Я рассмеялась. Сложная мысль, но читается легко: моя Мари точно как Кузя, не зря я вмиг заобожала синеглазого! Мари было три года, когда она сбежала к стене и попыталась деревянным совочком прокопать лаз. Виновата была я: сплела сказочку про полоза, который зимой чуть не замерз в ледяном лесу. Мне было пять, я вязала первый в жизни шарф. Крючком вязала, и странный получался шарф — трубой. Ну я и плела глупости вслух. Мол, это шубка для полоза… Когда я закончила бормотать сказочку и уснула, Мари отправилась зазывать полоза к нам на чай. Не нашла его и стала рыть нору — змеиный вход в город…

За спиной кто-то засмеялся, кожу затылка тронуло теплое дыхание. Наверное, мои мысли — тоже запах. Их удачно унюхали.

— Умеешь лечить, — я легко поняла новый запах, новую мысль. Кивнула и ответила словами: — Да, меня учили на врача. Я стараюсь. Только я пока мало могу.

Снова мне задышали в шею.

— Кузю лечила, — разобрала я новую мысль.

Кивнула, во сне не удивляясь тому, что сама с собой содержательно беседую. Психологи бы меня по этому поводу охотно понаблюдали. Только разве в болоте водятся психологи? Могу говорить, что угодно.

— Да, я зашила раны, и Кузе помогло. Он крепкий. А вот Псу… Я старалась, только он не очнулся. Очень больно, когда лечишь… и нет тепла под рукой. Ужас как больно!

Горячее дыхание возле уха. Чую: мне советуют посмотреть влево. Смотрю. Там снится вереница теней-привидений. Я плохо разбираю их, все они в тумане. Вроде — люди? Или нет… У ближней тени ясные синие глаза. Мальчик. Да, мальчик, ему лет семь. Ох, какой проказливый взгляд. Кузеньку ни с кем не перепутать, хоть человеком, хоть щенком. За ним — низкий, широкий… вроде брата Лоло. Страж. Дальше маленький, квелый… совсем как дядюшка карапуза Али, он в поле работает. Следом рослый, с холодным прищуром — охотник. За плечом у него совсем маленький и сгорбленный — он за детьми смотрит, у него ласковые глаза деды Пётры. И еще тени, еще… Очень длинная вереница. Когда начинаю в кого-то всматриваться — проступают детали. Я натягиваю своё-привычное на чужие заготовки. Поэтому в веренице мне снятся люди, близко знакомые.

Вздрагиваю: Ларкс! Делается жутковато. Вижу его тень, но словно стертую. Его удалили из вереницы. Вроде бы очень молодым удалили… Жутковато думать о таком, перевожу взгляд дальше.
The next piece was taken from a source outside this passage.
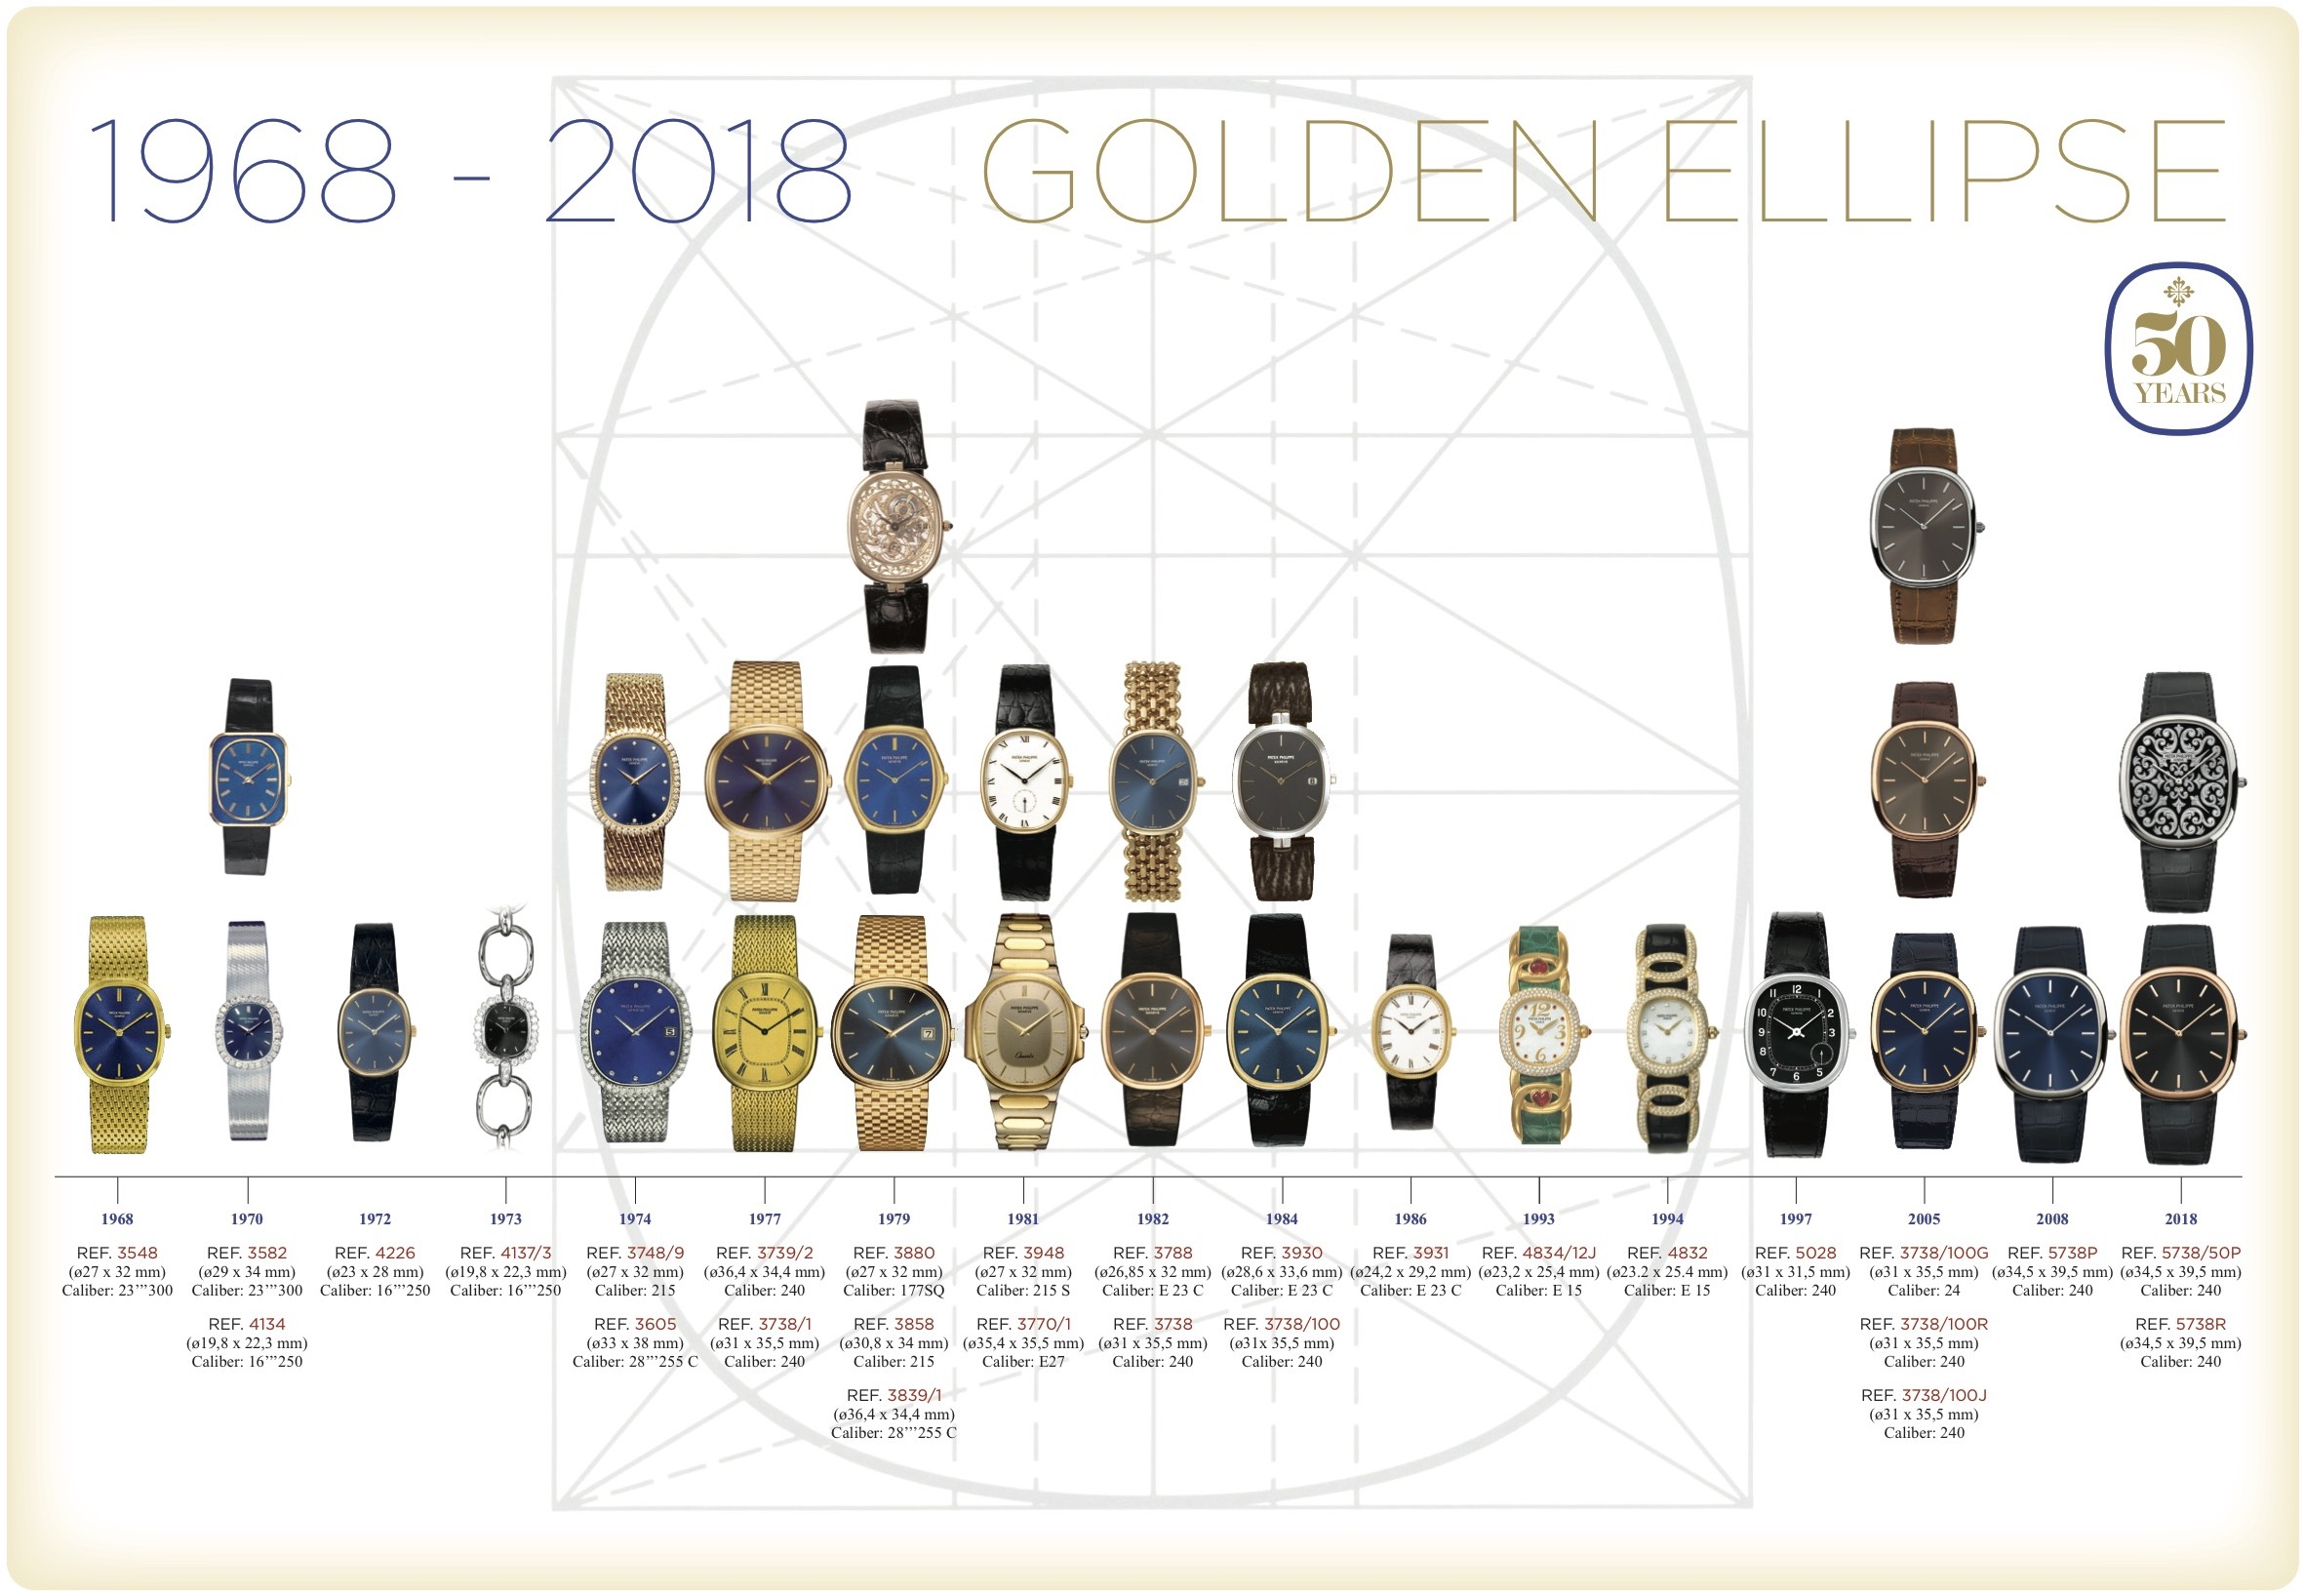 Patek Philippe TimeLine Golden Ellipse 1968-2018 50 years

И снова вздрагиваю. Пса я не увидела человеком. Зачем искать для него двуногую внешность? Он такой — один, в городе Пуше ему нет равных, я просто не встречала похожих людей. Пес — само совершенство. Могучий, спокойный, умный. Защитник. У него — я разглядела только теперь — были мелкие глаза, бледно-бледно-голубые. Очень светлые. Он часто щурился, пытался пригасить свое слишком хорошее зрение, убирал избыток информации… особенно днем. Ну и вдобавок привычка. Когда он смотрел на Кузю, особенно узко щурился — улыбался. В его породе, щурясь, выказывают расположение. Пес обожал Кузю. Он был Кузе… да: родной брат. Он верил, что младший ребенок в этой веренице вопреки всему выздоровеет, вырастет, сможет стать новым защитником стаи.
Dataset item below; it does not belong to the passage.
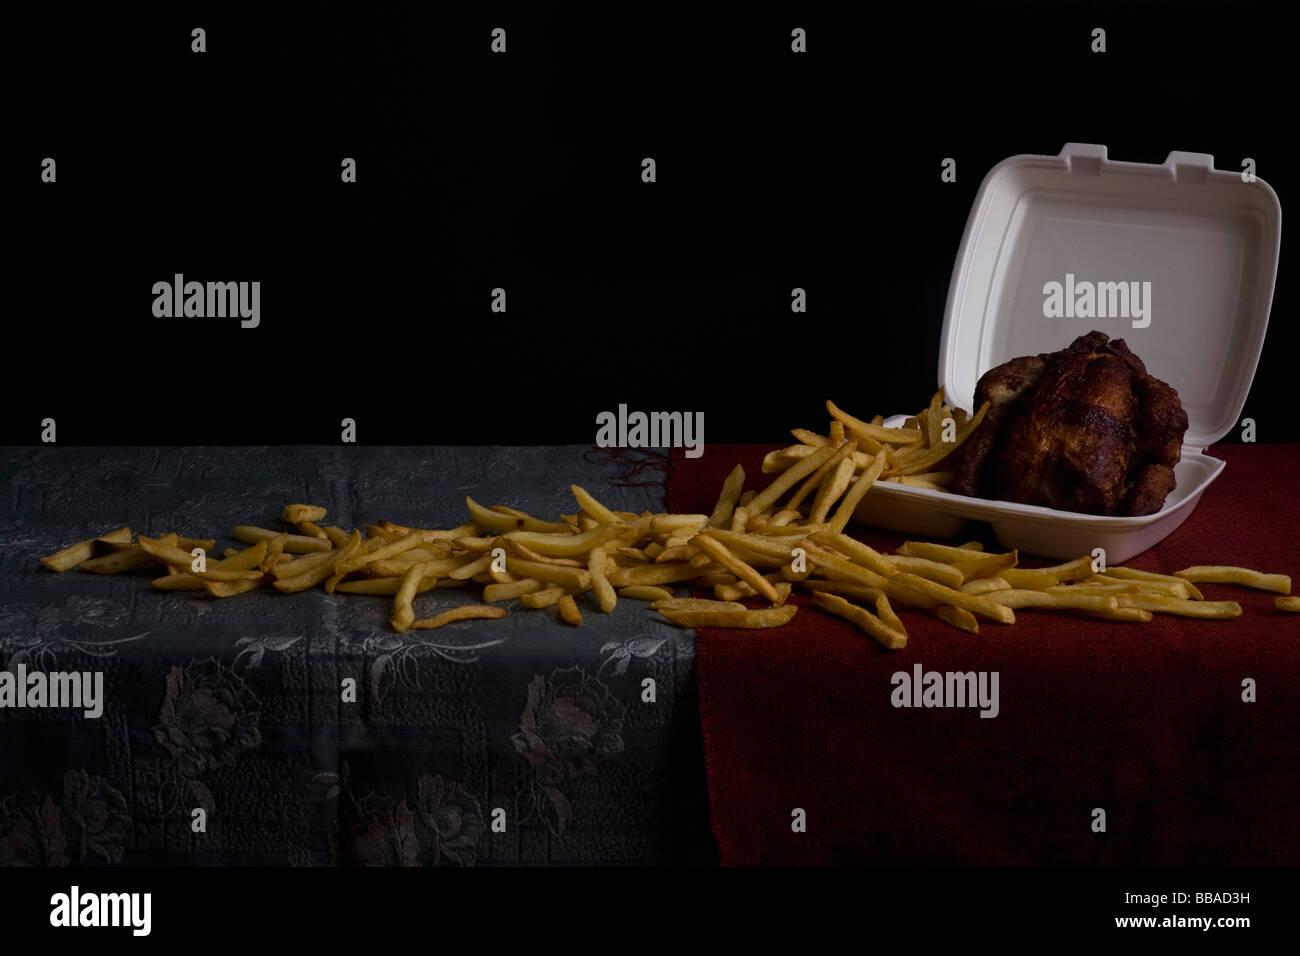 Pommes Frites und gebratenes Huhn, Stillleben Stockbild

Я вздрогнула и обернулась.

— Они все — ваши дети?

Во сне увидеть Кузину маму человеком оказалось просто. Она помогла мне, конечно же. И кроме того… она теплая. Мне всегда хотелось, чтобы вот так посмотрели на меня — на любимого ребенка. Увы, моя суррогатная мама даже к родной Мари безразлична. Все люди разные, она не злая. Просто уродилась… рыбиной пустоглазой. А Кузина мама улыбчивая, внимательная. Она снится мне женщиной чуть старше сорока, светловолосой и сероглазой. У неё за правым плечом едва заметна тень мужчины. Того, кто был отцом Кузе, Псу и еще многим. Его давно нет. Но его помнят.
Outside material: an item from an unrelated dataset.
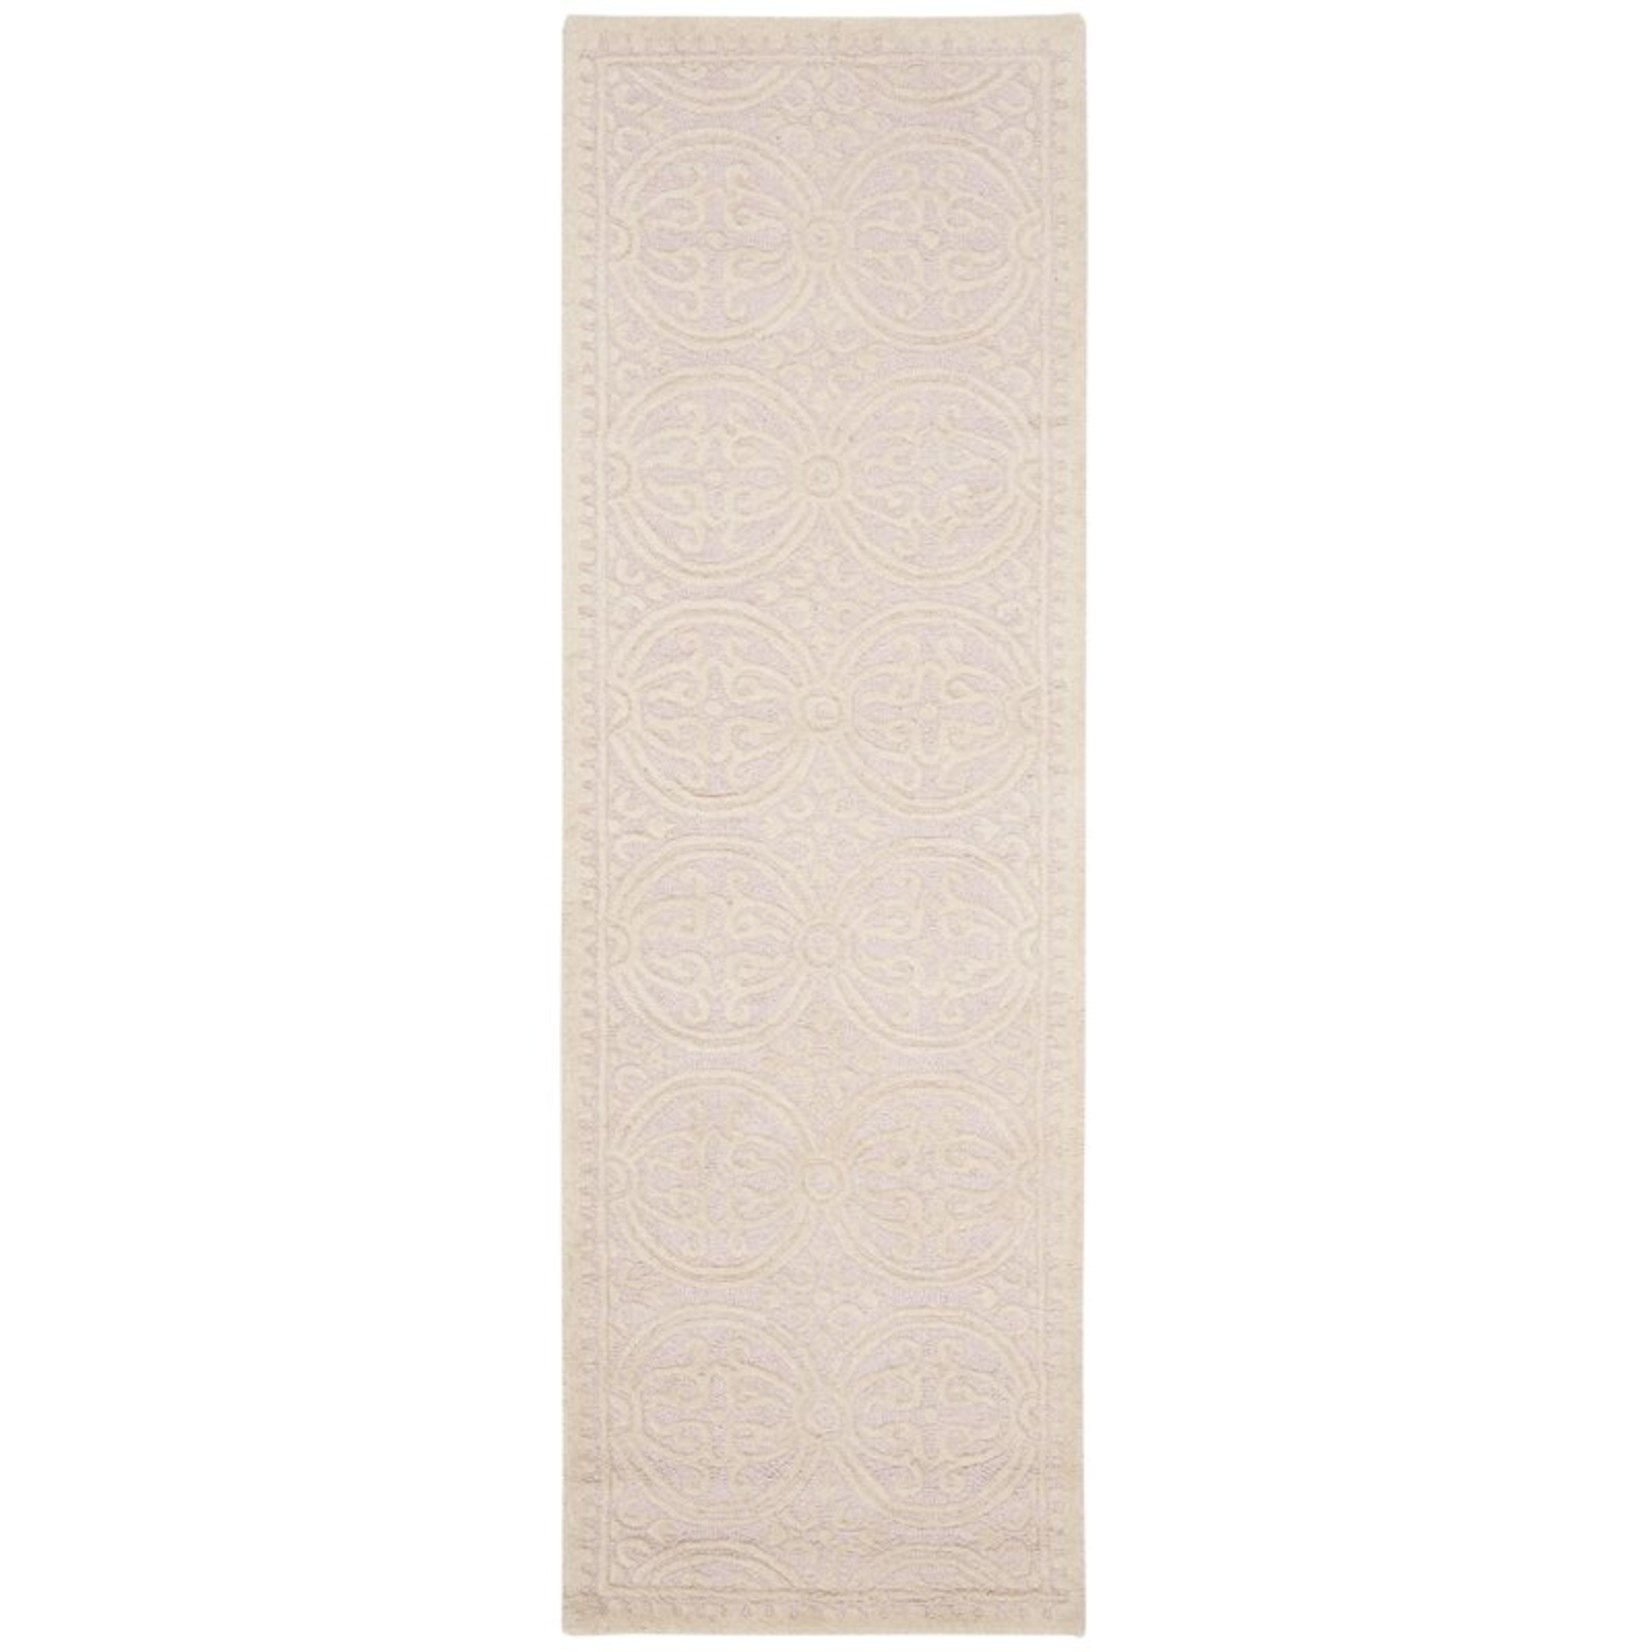 "*2'6"" x 6' - Brunswick Geometric Handmade Wool Light Pink/Ivory Runner"

— У нас, матерей стаи, много детей, — мы удачно настроились, я даже различаю выражение её лица. Понимаю мысли и выговариваю их. Иногда бывает сложно, будто она меняет наречие во время размышлений. Но в целом смысл угадывается. Сейчас Кузина мама понимает незаданный вопрос о семьях в стае. — В стае особенный удел быть матерью. Не всем он дается. Здесь мои кровные дети, — говорит она и добавляет: — Но все дети рода тоже дети… принцессы.